Ao levantar a hipótese se voltaria a apoiar Lula em uma hipotética nova campanha, Jefferson disse: A minha resposta seria não. Que ele [o presidente] não gosta de trabalhar. Ele delegou o governo ao [ex-ministro da Casa Civil] José Dirceu. Tudo o que ele gosta de fazer é passear de avião e acrescentou: [ele] não gosta do serviço, mas eu não posso acusá-lo de desonesto. Pouco depois, Jefferson se referiu ao presidente como um semideus e que não conseguiria atacar um operário que chegou ao poder.
Convidado a falar sobre reformas no sistema político, o deputado faz um discurso carregado de críticas ao PT, ao ex-ministro Dirceu e a demais membros do Executivo. Eu não sei porque só explode no Parlamento esse negócio do mensalão. Tem ministros que mandaram sacar.

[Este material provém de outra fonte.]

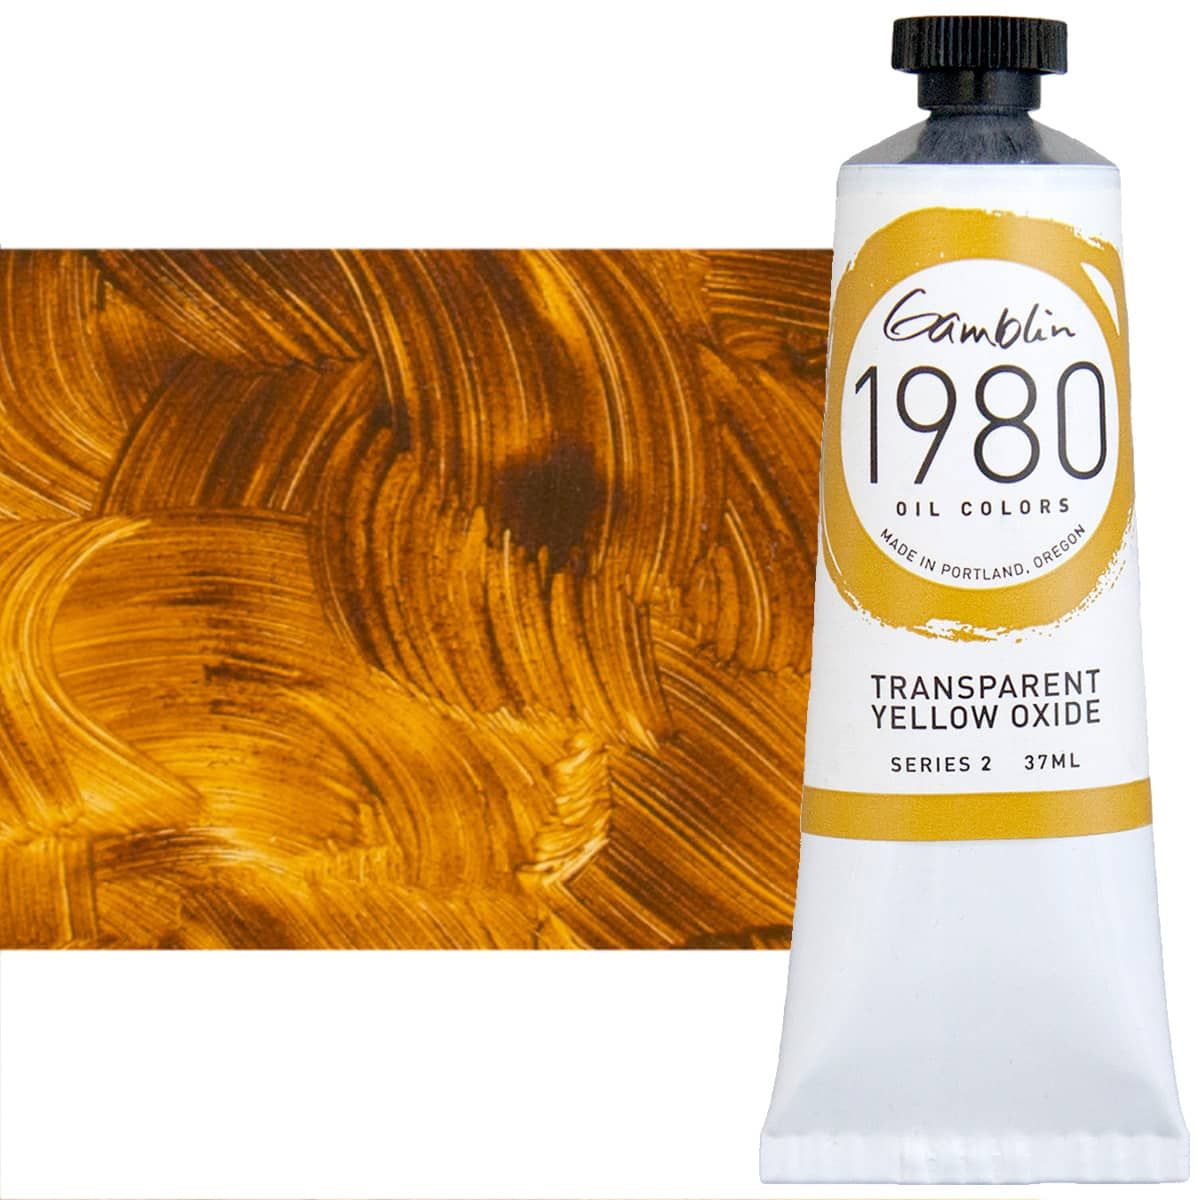 Gamblin | 1980 Oil 37ml Chromium Oxide Green

Secretários-executivos, chefes de gabinete meteram a mão no jabá, afirmou, sem citar nomes.
Jefferson fez pelo menos duas admissões de culpa durante as duas horas de apresentação no seminário. Primeiro, admitiu que utilizou de recursos não-contabilizados durante sua carreira parlamentar, que iniciou em 1979. Se me perguntarem se nesses 23 anos: você recebeu financiamento não- contabilizado? O tempo todo, sempre, afirmou o deputado, mais uma vez, justificando que os empresários temem doar [recursos] por dentro.
Pouco mais tarde, o parlamentar fez referência ao caso já apelidado de conexão Lisboa, em que o empresário Marcos Valério Fernandes de Souza, junto com o tesoureiro informal do PTB, Edson Palmieri, viajaram a Portugal no início deste ano. Em Portugal, Valério teve encontros com empresários locais e políticos do primeiro escalão, supostamente numa viagem de negócios, mas que para Jefferson, foi uma estratégia para angariar recursos para o PT e o PTB, com anuência do Planalto. Ele relembrou o caso e disse a proposta não foi aceita. Eles voltaram de mãos vazias.

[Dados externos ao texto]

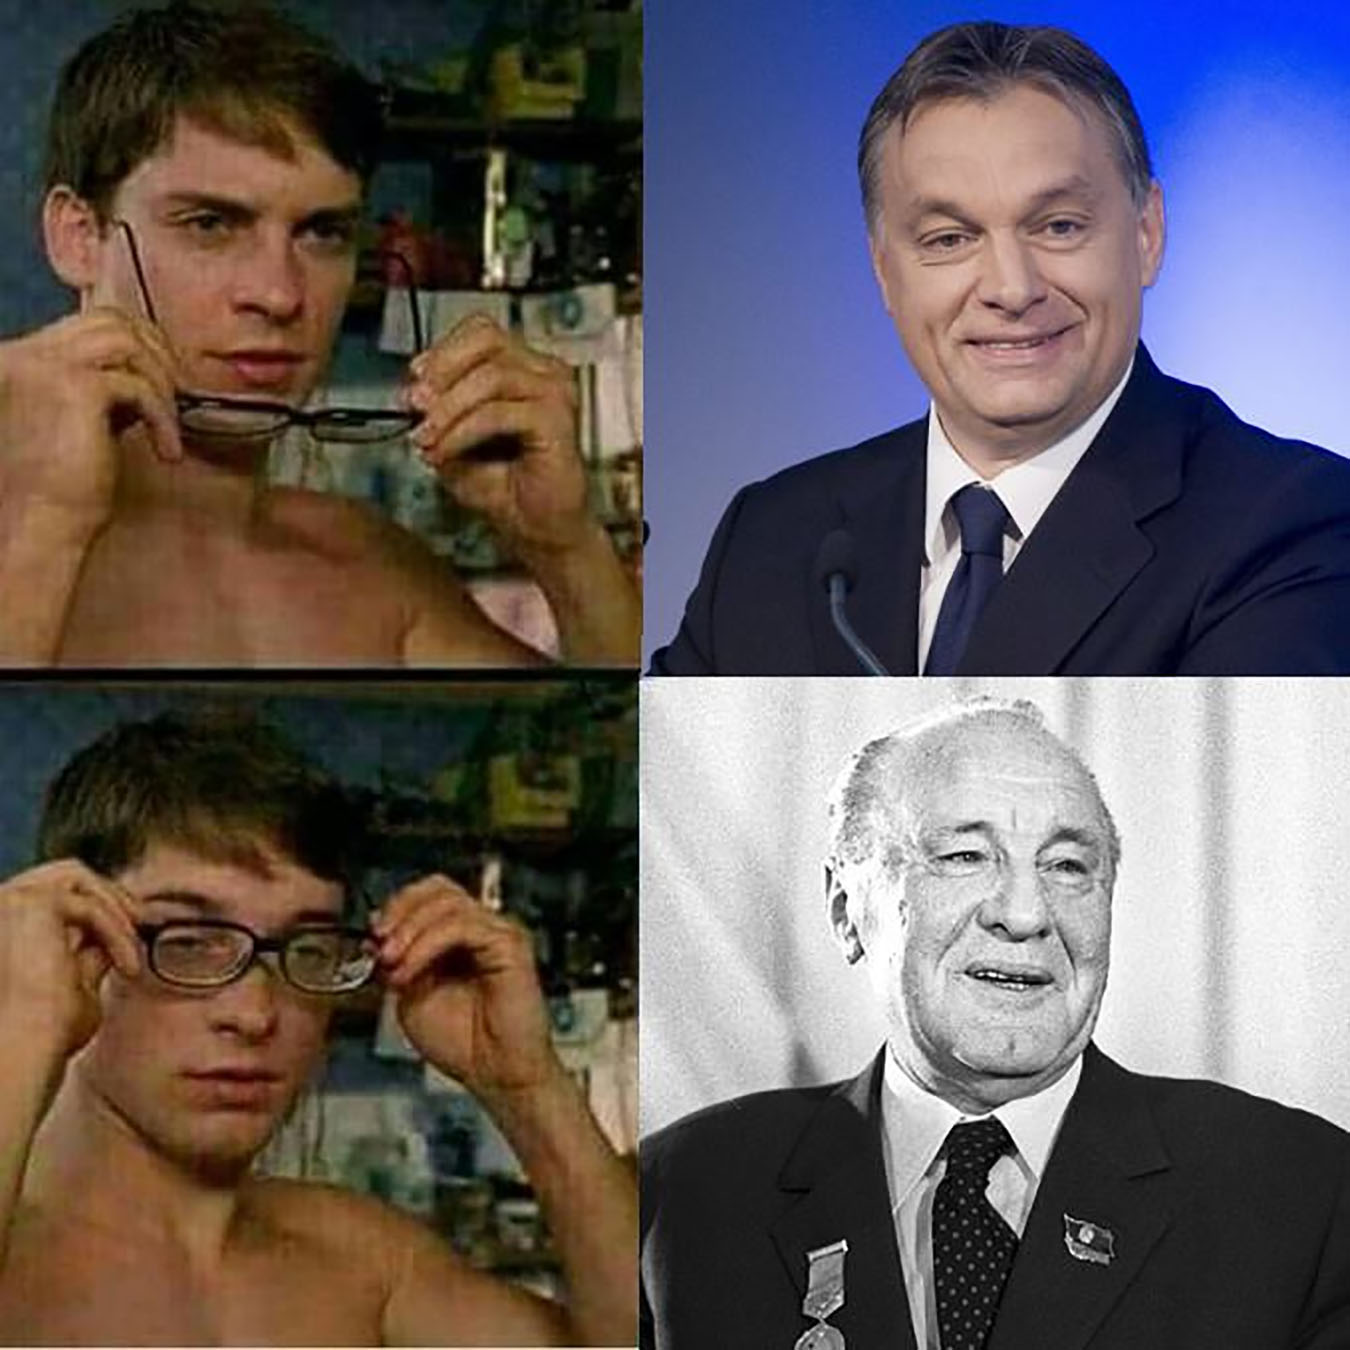 Spider-Man reveals Viktor Orbán to be communist-era ruler János Kádár.
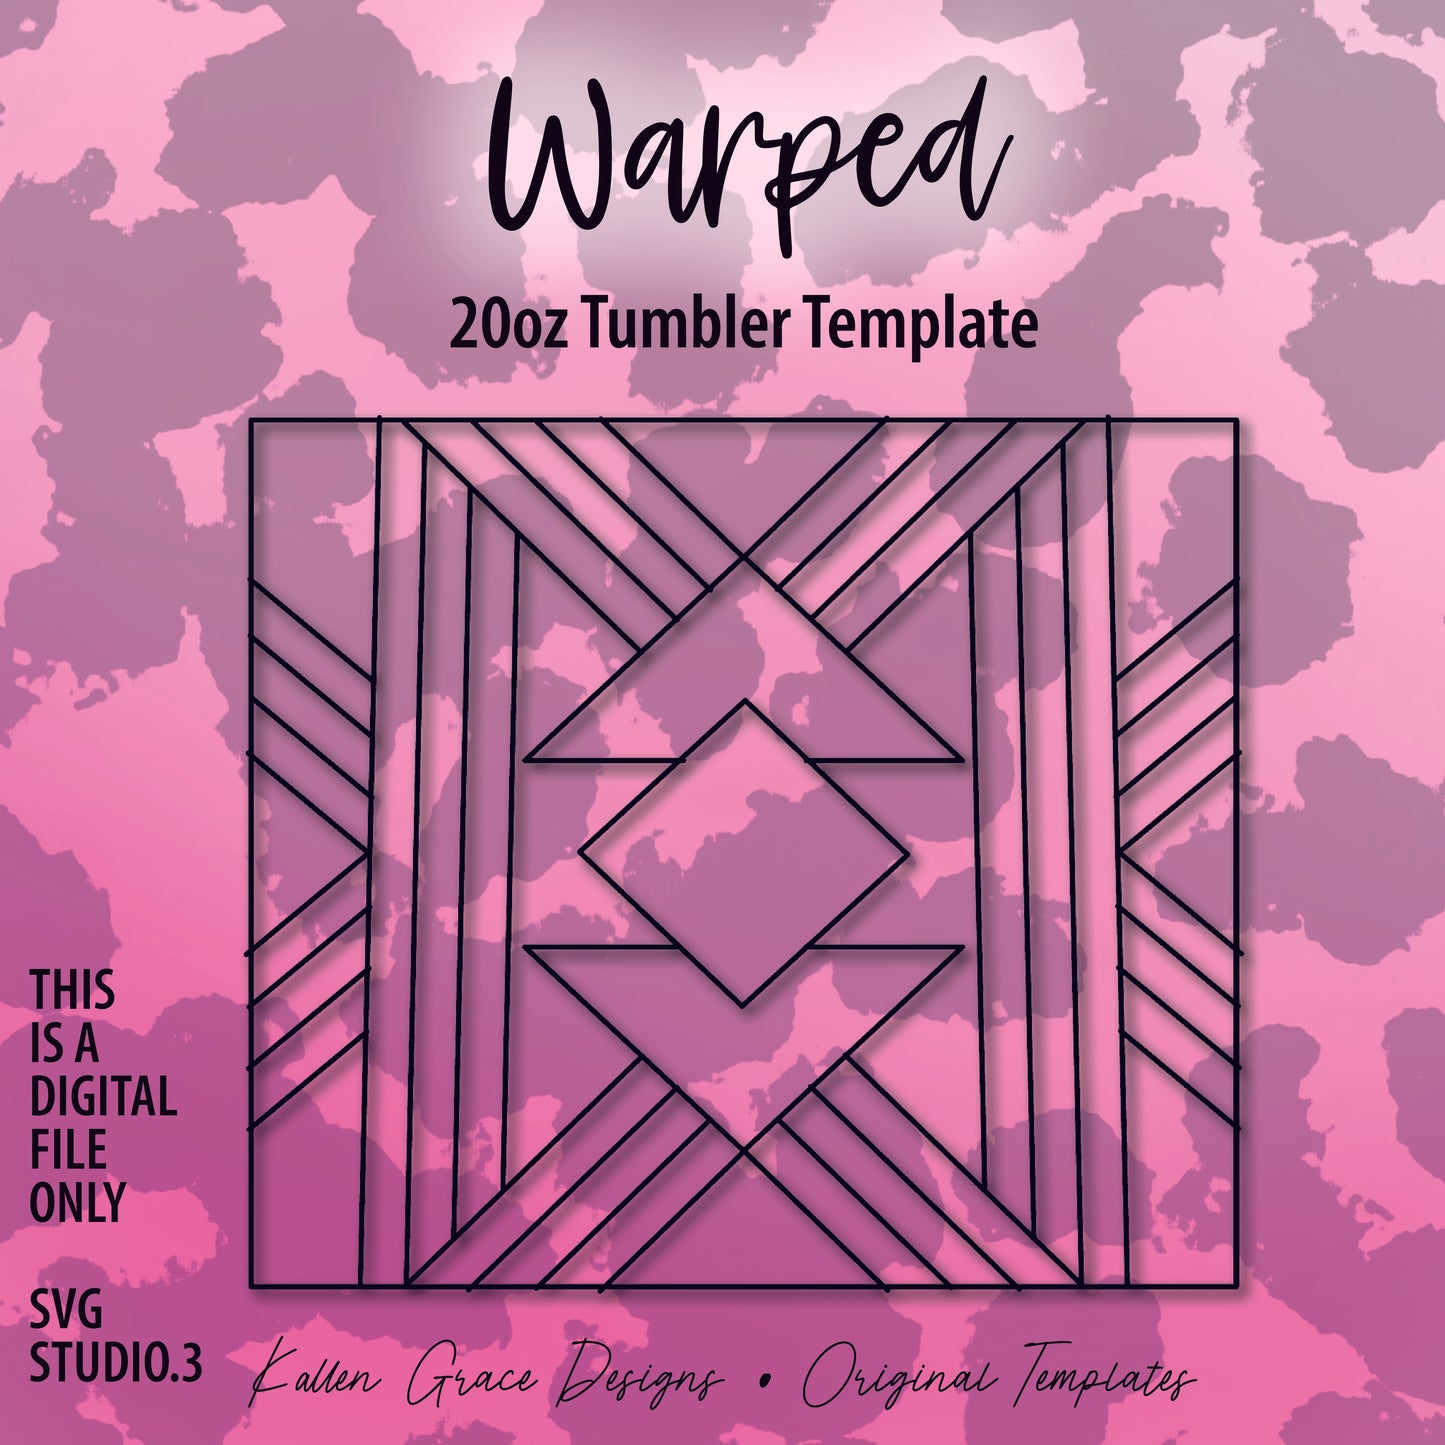 20oz Warped Tumbler Template

Os relatos não impediram que a platéia lotada de empresários o aplaudisse e por pelo menos três vezes: uma, quando disse que não renunciaria porque não poderia pedir votos sem esclarecer todas as suas culpas perante os eleitores; a segunda, quando sugeriu que fossem cortados pelo menos dois de cada três deputados da Câmara; e no final, quando concluiu o seminário e foi aplaudido de pé por parte da platéia que lotou um plenário com capacidade para 280 pessoas, inclusive utilizando os corredores. O seminário foi promovido pela Associação Comercial de São Paulo.